Question

Solve the following equation: \[6x + 5 = 2x + 17\]

Answer 1

Hint: Use the technique of taking terms common from the given equation and then solve, then write the equation into simpler expressions and forms. Then after writing it into simplest forms possible, equate it to the right hand side of the equation as given and get the solution.

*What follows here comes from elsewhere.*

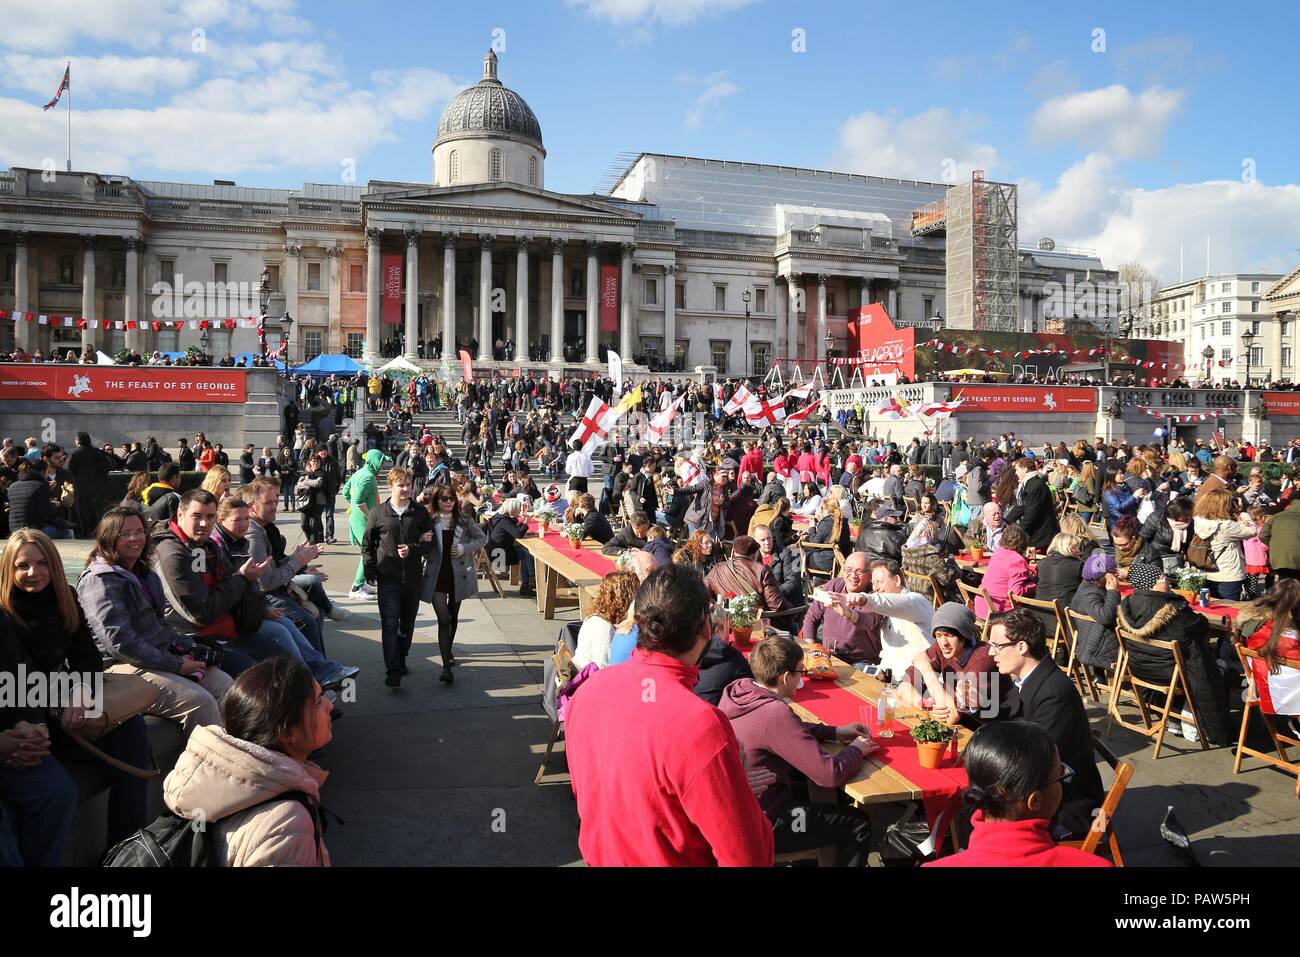 Londres, Royaume-Uni - 23 avril 2016 : visite de Trafalgar Square de Saint George's Day à Londres, au Royaume-Uni. Saint Georges est le saint patron de l'Angleterre. Banque D'Images
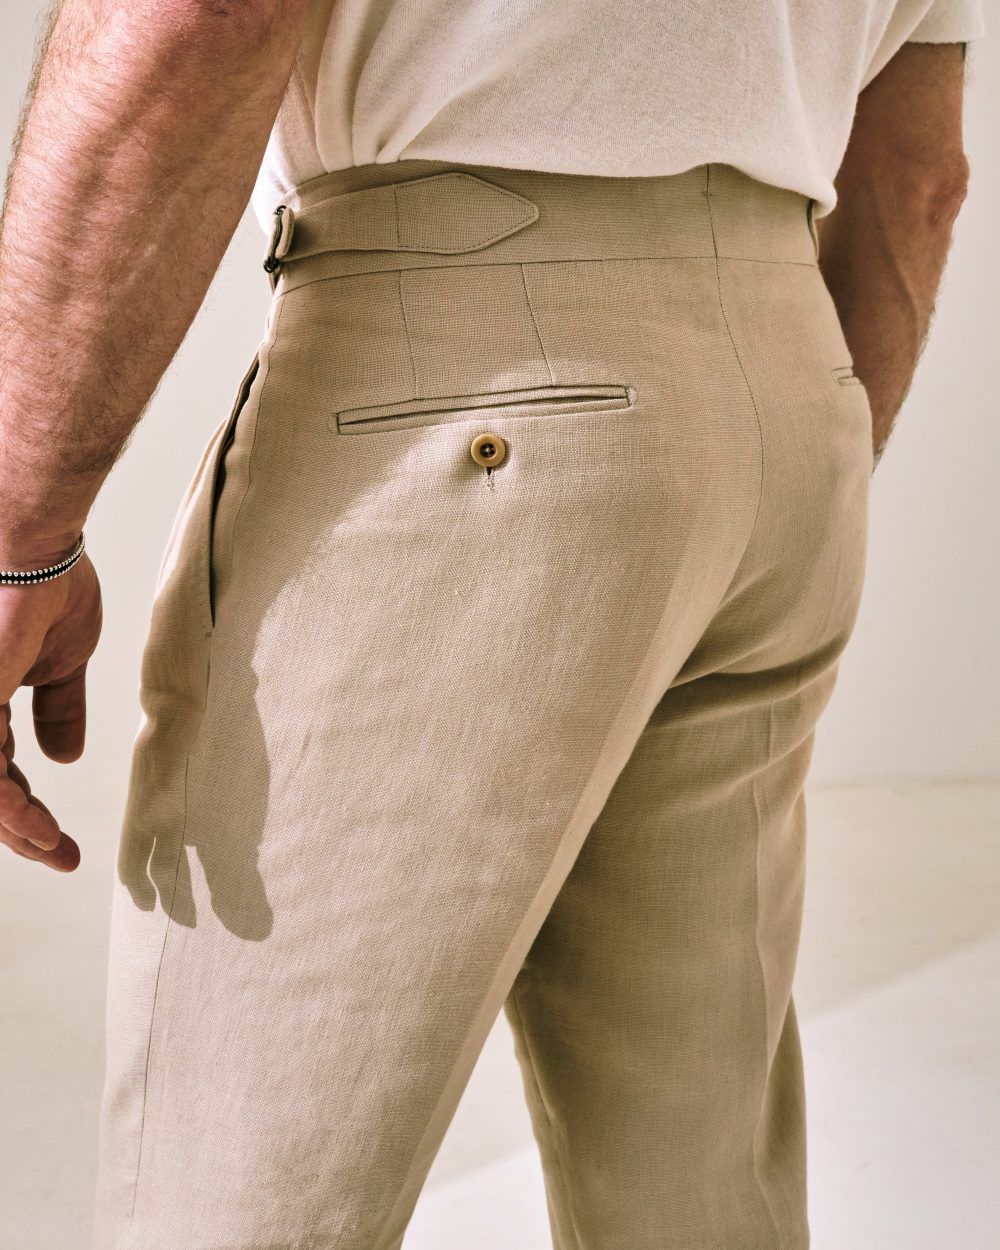 S4 Two Pleats Cut Trousers / Monte-Carlo Linen

Complete step-by-step solution:
We are given with the equation \[6x + 5 = 2x + 17\]
Let us shift the terms to one side i.e. let us take the terms of the left hand side of the equation to the right hand side of the equation and then equate it to zero to get the final solution of the equation.
Then, \[6x + 5 - 2x - 17 = 0\]
\[ \Rightarrow 6x - 2x + 5 - 17 = 0 \\
   \Rightarrow 4x - 12 = 0 \]
Now let us take common from the obtained solution and equate it to zero,
\[ \Rightarrow 4(x - 3) = 0\]
\[ \Rightarrow (x - 3) = 0\]
\[ \Rightarrow x = 3\]
Therefore we reached our required solution for the given equation and hence the resultant solution for the equation is \[x = 3\].

Note: It is important that we know various ways, techniques, shortcuts and methods to solve different types of quadratic equations. Middle term factoring, Sridharacharya method or Quadratic formula, graphical methods are some techniques of solving the roots of a quadratic equation.